As the initial roof-works dried, I moved onto rigging the sail array (formerly referred to as 'outer-works) using nylon cotton thread and Superglue.

I then clad the roof with the same cut card stock as before, rolling it and then trimming it after drying at the over-hang. You'll notice the gap at the top to allow for a roof cap.

... and capped! Before painting I'm hitting the whole roof with Mod Podge to seal everything and harden it right up. 
I'd spent some time contemplating how to go about the sails. I thought about a heavy foil, I considered the same fine cloth I use for my flags and had also toyed with the idea of using tissue paper. In the end I opted for plain printer paper and it's worked very well. I ran a bead of PVA along the seam which I needed to run a line from and once set, I curled the bottom long edges of each sail and fixed them to the required masts with - yep, PVA.

Like everything on this build, the sails were an experiment that just worked. Once dried onto the masts, I carefully pulled out the sail lines, wrapping and Supergluing them to the adjacent mast head.

Each pump house required a steering arms on the opposite side to the sail shaft, so further cowling was required. Imagine that the whole roof is allowed to freely swivel on a central, vertical axle. The steering arms (simple wooden beams) are pushed or pulled to turn the sails in order to catch the prevailing and changeable breeze.

I did use an electric hand drill to bore the ventilation ports.
The loose lines of the sails were trimmed. You might see in the background I textured the bases with pre-mixed putty and pressed in my tile-grout and rubble mix for the earth. That's it for now.

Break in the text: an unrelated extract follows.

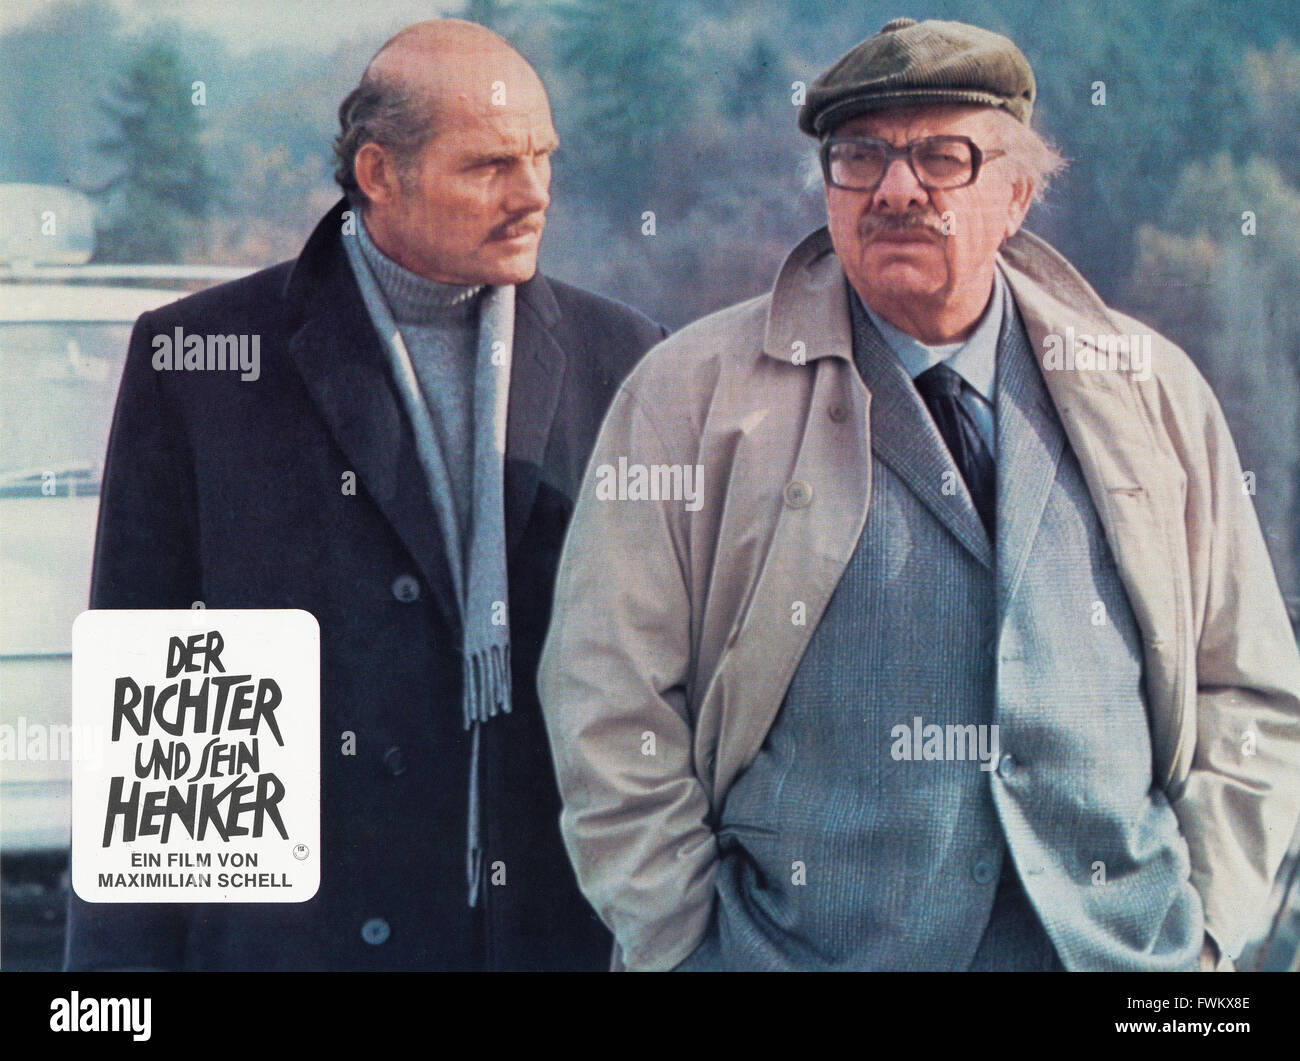 Der Richter und sein Henker, aka: Fine del gioco, Deutschland/Italien 1975, Regie: Maximilian Schell, Darsteller: Robert Shaw (links), Martin Ritt Foto Stock

  1. Nice work, I look forward to seeing the final look. JJ

    1. Thanks JJ. I haven't dared start painting them yet - I need a flat brush I reckon and that will be my job for today. Cheers.

  2. Very nice indeed…
    I am not sure I would have had the patience to put the rigging on the sails… I look forward to seeing the finished models…

    All the best. Aly

    1. Thanks Aly. Considering how and what you sculpt, you definitely have the patience . I've got a bad habit of not painting building I make but this time blogging will make me push on.

  3. Cracking work on them mate, the sail work is outstanding bravo


    1. Thanks Matt. It seems to be taking me a while to paint it though. Back to work - such a time killer.